Magnesium and the Thyroid
The health of your thyroid gland affects a variety of other body systems, so when your thyroid function is impaired, a myriad of other health issues follow.
Magnesium has a role in converting T4 thyroid hormone into its active version, T3, and
studies show how magnesium deficiency can cause abnormal thyroid function. Luckily, it seems that it can easily be reversed through proper magnesium supplementation.
People diagnosed with an autoimmune disease very often have low magnesium levels. Hashimoto’s thyroiditis is one of them, with studies showing how it may even be triggered by a magnesium deficiency, due to the elevation of your thyroid antibodies.
Magnesium deficiency may be directly affecting the thyroid hormones and with it, the function of your thyroid gland, but it’s mostly through other disorders it’s linked to that it’s even more severely affected.
Other Important Magnesium Roles
After calcium, potassium, and sodium, magnesium is the fourth most abundant mineral in the human body, with a plethora of important functions. Here are some you might even already be familiar with.
Magnesium and Sleep
One of the most important roles of magnesium is that it helps improve your sleep quality. Magnesium helps your body relax and stimulates the parasympathetic nervous system, also known as your rest and digest mode. You can also use it in parallel with melatonin, which will help you fall asleep faster and sleep longer in duration.
Studies show how magnesium supplementation of 500 mg daily improves sleep efficiency as well as increases the concentrations of melatonin, cortisol, and renin, helping your body balance its hormones.
Magnesium and Muscles
Most active people increase their magnesium intake due to its role in regulating muscle contractions and reducing soreness. In your muscles, magnesium acts as a calcium blocker, helping them relax instead of contract. That’s why, if you’re struggling with magnesium deficiency, you’ll most likely experience muscle cramps and spasms.
Magnesium and Headaches
One of the symptoms of an underactive thyroid or hypothyroidism are frequent headaches.
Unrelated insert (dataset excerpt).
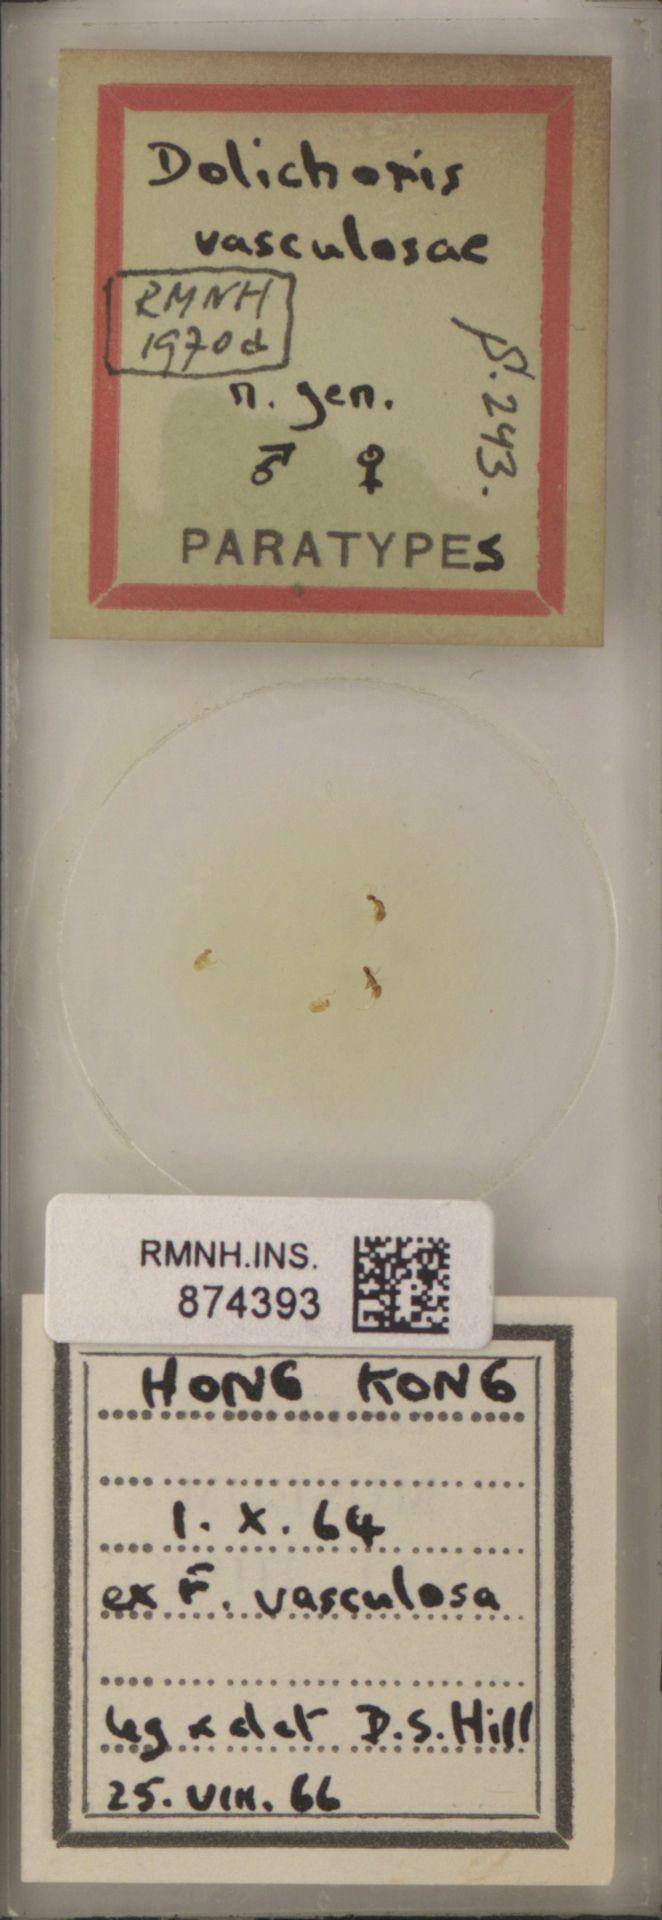 RMNH.INS.874393 | Dolichoris vasculosae

Some studies have found that migraines are more often in people with lower magnesium levels, leading to a conclusion that optimal magnesium intake prevents or at least reduces the risk of developing migraines.
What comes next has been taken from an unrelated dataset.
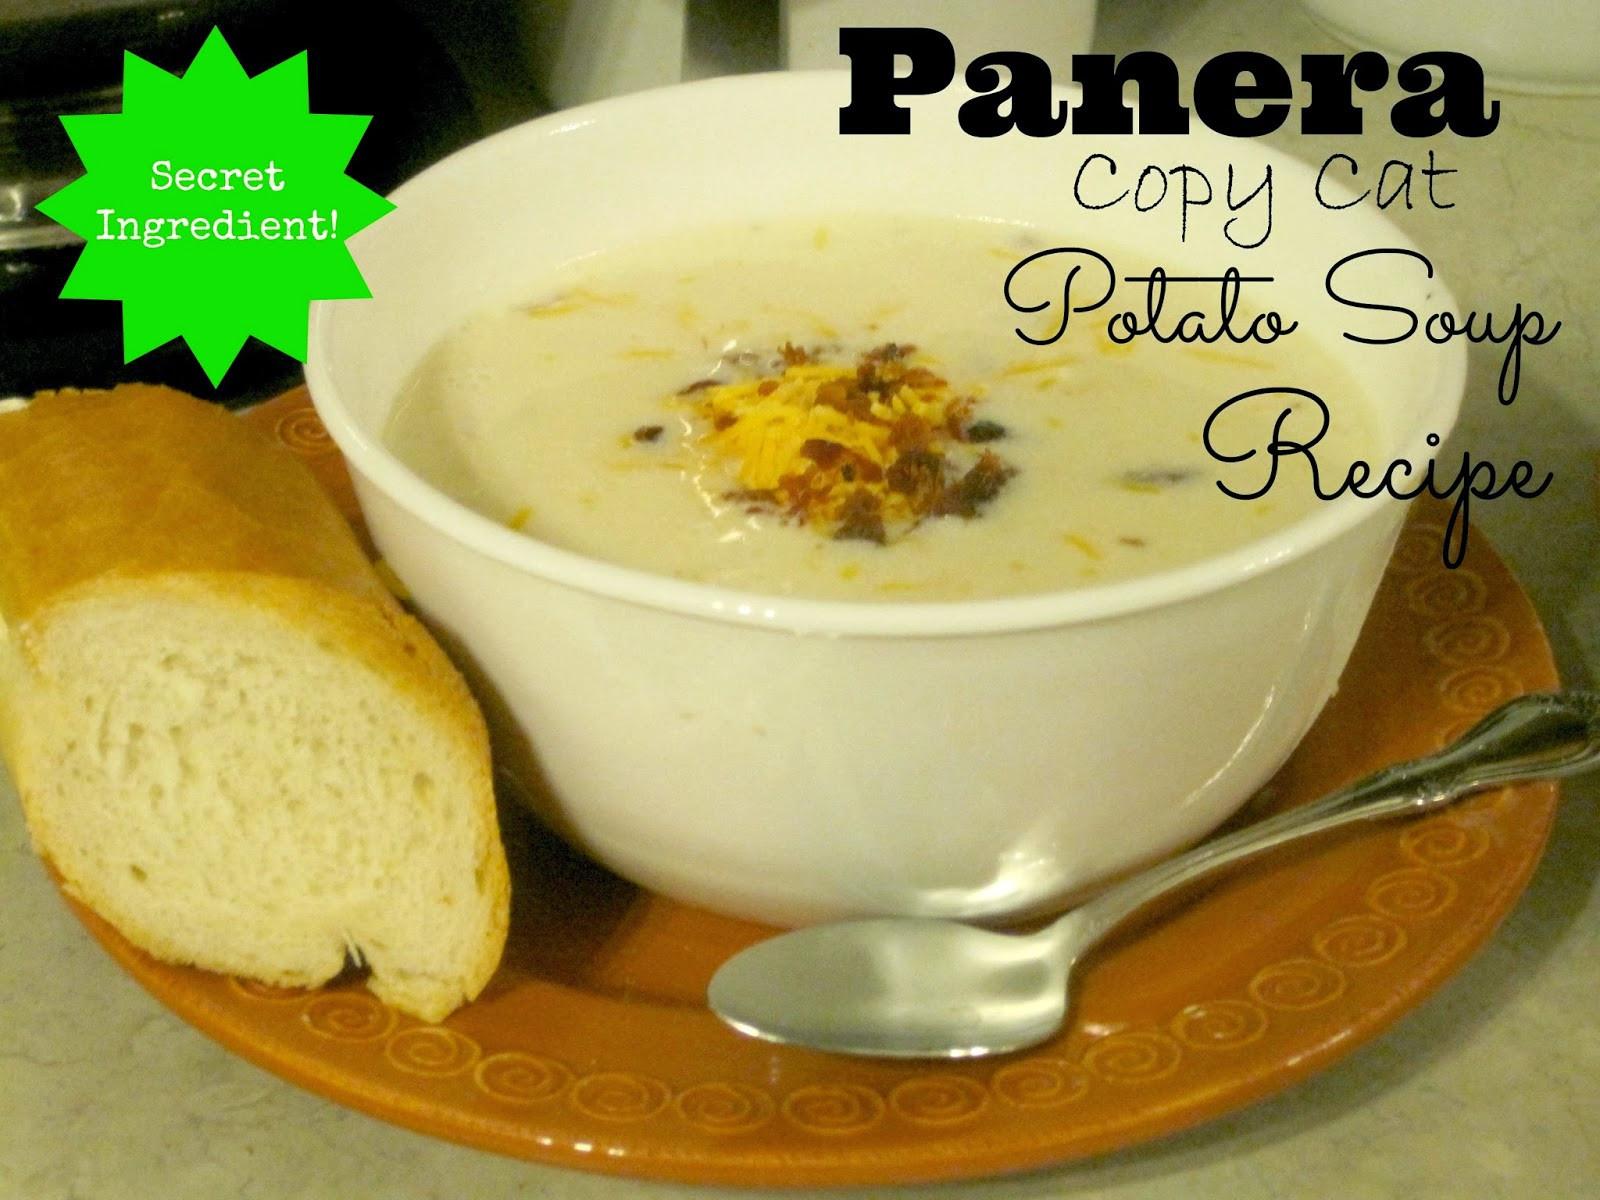 Baked Potato Soup Panera  Decorated Chaos Potato Soup Recipe Panera Copy Cat

Magnesium and Blood Pressure
Many people struggle with high blood pressure or hypertension, and studies show a powerful link between magnesium supplementation and lowering your blood pressure levels. After only one month of consistent supplementation, there was a drastic improvement in blood pressure levels.
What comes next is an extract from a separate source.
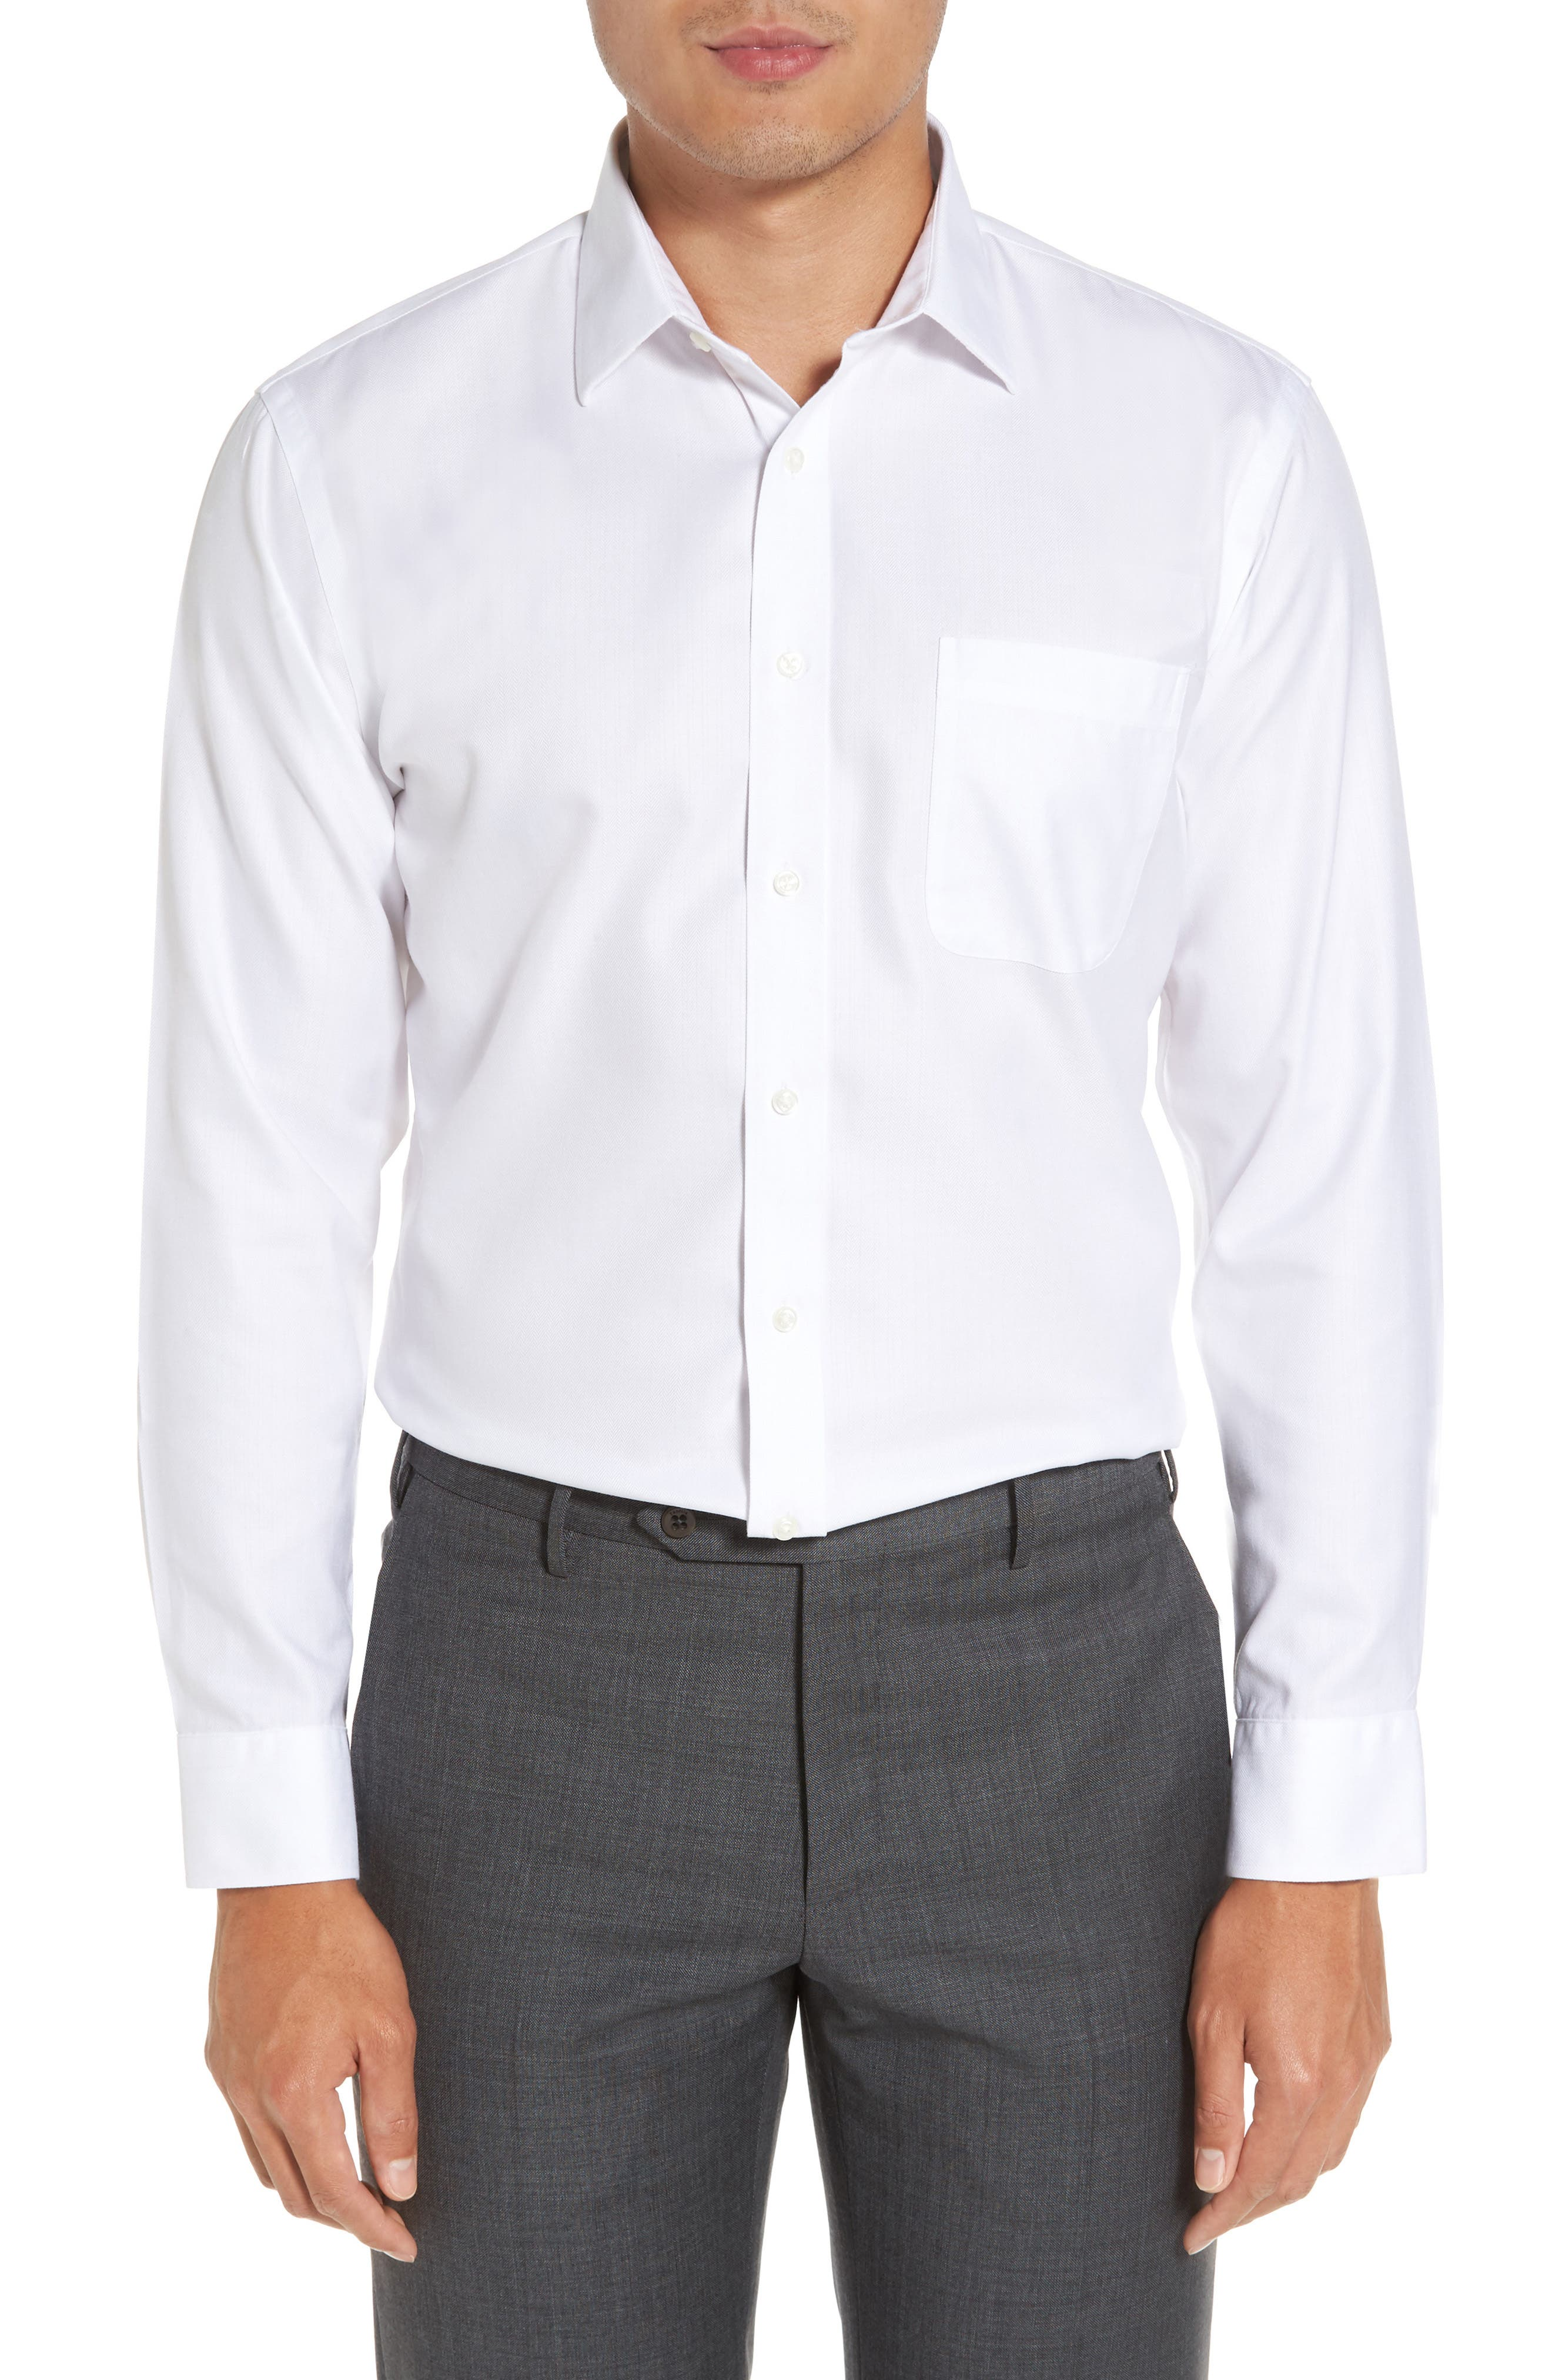 Nordstrom Shop Smartcare(TM) Trim Fit Herringbone Dress Shirt - White

Magnesium is an incredibly important mineral with a plethora of important roles in the human body. From regulating blood pressure and blood sugar levels to improving sleep efficiency and promoting protein synthesis, having optimal magnesium levels should be something we all need to focus on.
Consequently, low magnesium levels can have a negative impact on all of these systems as well as the thyroid, leading to inflammation, thyroid dysfunction, and potentially even thyroid disease. Include a variety of magnesium-rich foods into your diet and test your magnesium levels so you can properly supplement if necessary.
The most common symptoms of magnesium deficiency are pretty vague, so instead of catching it late when it’s already had the possibility of causing irreversible damage, prevent it by paying attention to your actual magnesium intake and testing your levels to see where you’re at.